PRZYSŁUGA ZA GOTÓWKĘ

Kierowca stawił się w umówionym miejscu, student wsiadł do autobusu i chciał wręczyć podarunek znalazcy dokumentów.

- Kiedy zobaczył, że otwieram plecak i wyciągam reklamówkę, powiedział, że to go nie interesuje, interesują go tylko pieniądze. Byłem bardzo zdziwiony, podobnie jak ludzie siedzący w autobusie - opisuje mieszkaniec Makowa. - Odparłem, że nie mam pieniędzy. Kierowca wiedział, że moja karta jest w jego posiadaniu i spytał mnie, gdzie mieści się mój bank.

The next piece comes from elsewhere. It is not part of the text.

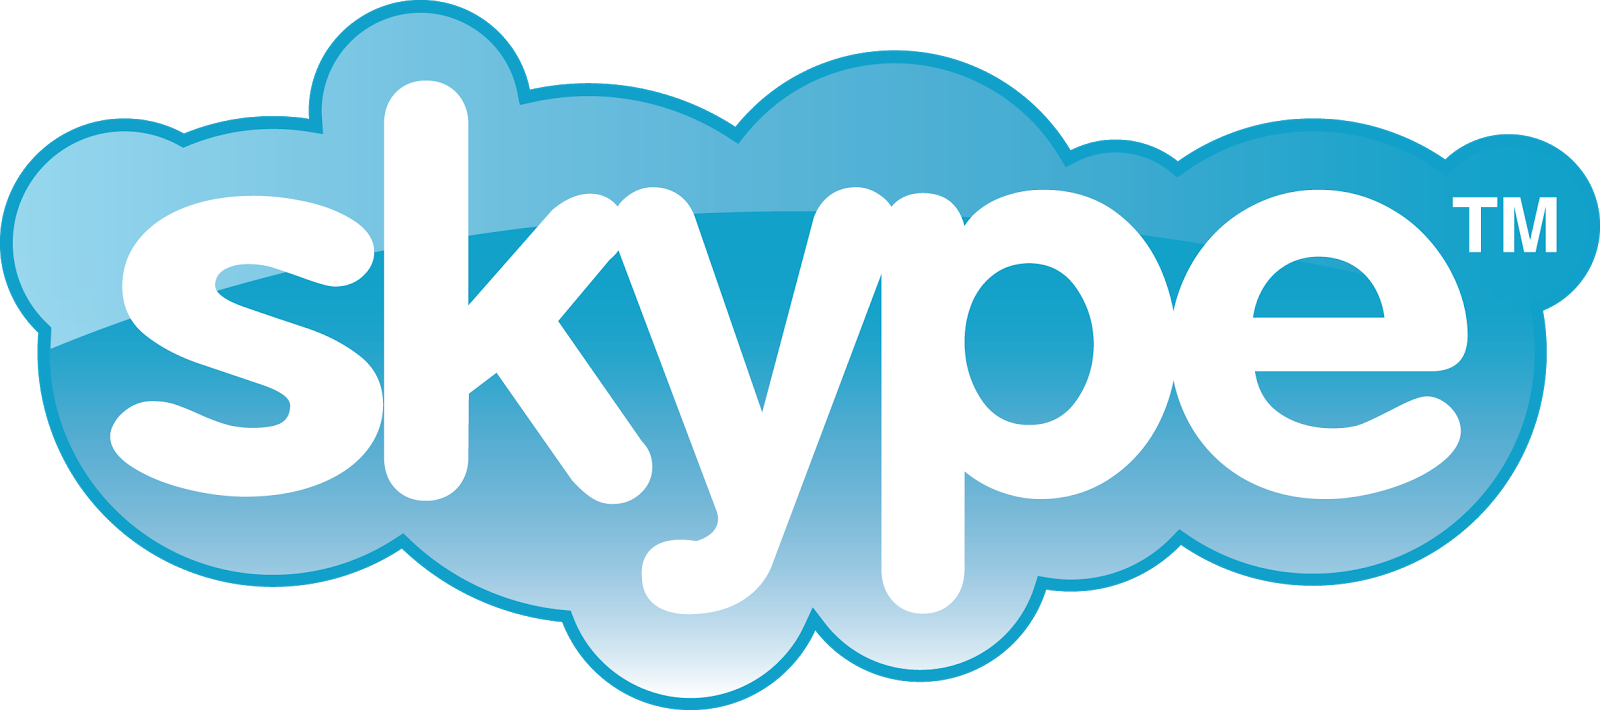 https://login.skype.com/login?return_url=https%3A%2F%2Fsecure.skype.com%2Faccount%2Fmain-page&message=logged_out&lc=1033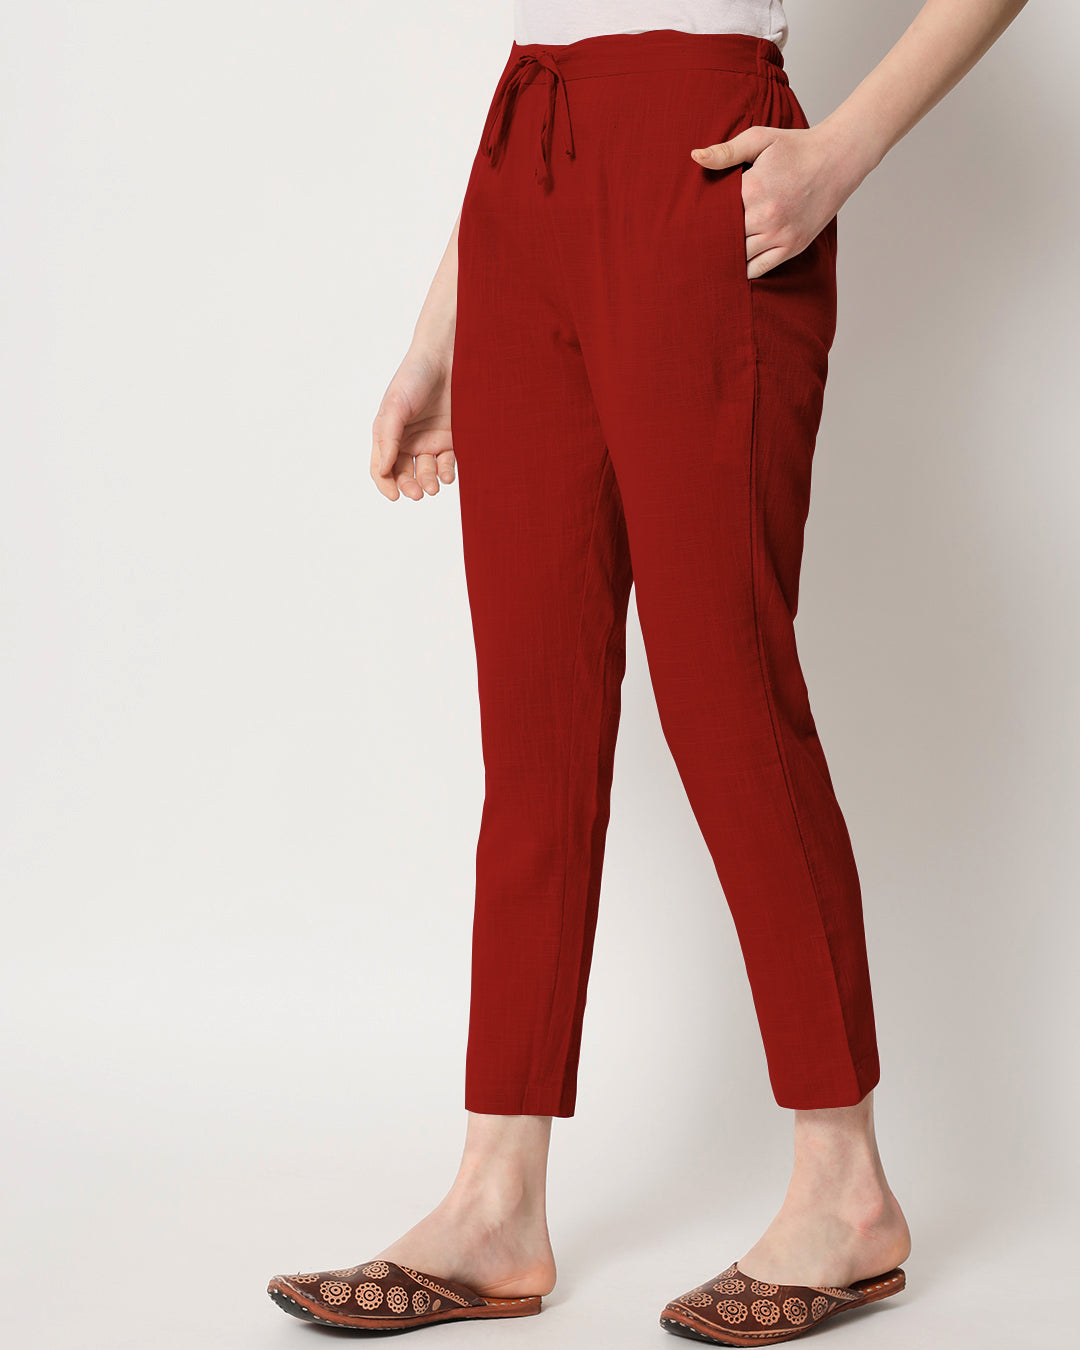 Combo: Black & Classic Red Cigarette Pants- Set of 2

Według relacji studenta, pracownik Bus-Komu oświadczył, że poczeka, aż właściciel zguby pobierze gotówkę z bankomatu. Oddał przy tym tylko kartę, resztę dokumentów zostawiając. Michał Bednarczyk relacjonuje, że wypłacił z bankomatu 50 złotych. Wrócił po kilku minutach i wręczył pieniądze kierowcy, otrzymując w zamian dokumenty.

- Zdaję sobie sprawę, że znalazcy mienia przysługuje 10% jego wartości, ale jest też coś takiego jak przyzwoitość, szacunek, skromność oraz profesjonalizm - mówi mieszkaniec Makowa.

WERSJA KIEROWCY

Kierowca Bus-Komu potwierdza, że student zostawił dokumenty w jego autobusie i że umówił się z nim na ich odbiór. Dalszy bieg wydarzeń przedstawia już jednak inaczej.

- Przyniósł mi w reklamówce litr ruskiej wódki i dwa piwa. Ponieważ nie piję alkoholu powiedziałem, że nie interesuje mnie taki podarunek - opowiada kierowca.

Kategorycznie zaprzecza, by w zamian za oddanie zguby domagał się pieniędzy.

- Powiedziałem mu - bierz dokumenty i idź. Wtedy on poprosił mnie, żebym chwilę zaczekał. Sam wziął dokumenty i poszedł. Kiedy miałem już odjeżdżać, przybiegł i rzucił mi 50 złotych - mówi kierowca.

NIEJASNA SPRAWA

Mężczyzna czuje się skrzywdzony postawą mieszkańca Makowa.

- To mój błąd, że zrobiłem dobry uczynek chłopakowi, żeby nie musiał przyjeżdżać po dokumenty do Szczytna. Nie rozumiem, jak za zrobienie komuś przysługi można zostać oczernionym - żali się kierowca.

Dodaje, że złożył już w tej sprawie obszerne wyjaśnienia u swoich przełożonych. Prezesowi Bus-Komu wydają się one przekonujące, broni swego podwładnego.

- Znam jego wersję zdarzeń i nie mam powodów, by mu nie wierzyć - mówi Wacław Pieniuk.

Jednocześnie deklaruje, że mieszkaniec Makowa otrzyma list z przeprosinami. Dlaczego, skoro według prezesa sprawa nie jest wcale jasna?

- Zrobimy to dla dobra firmy, choć nie jesteśmy przekonani do racji tego pana - odpowiada Wacław Pieniuk.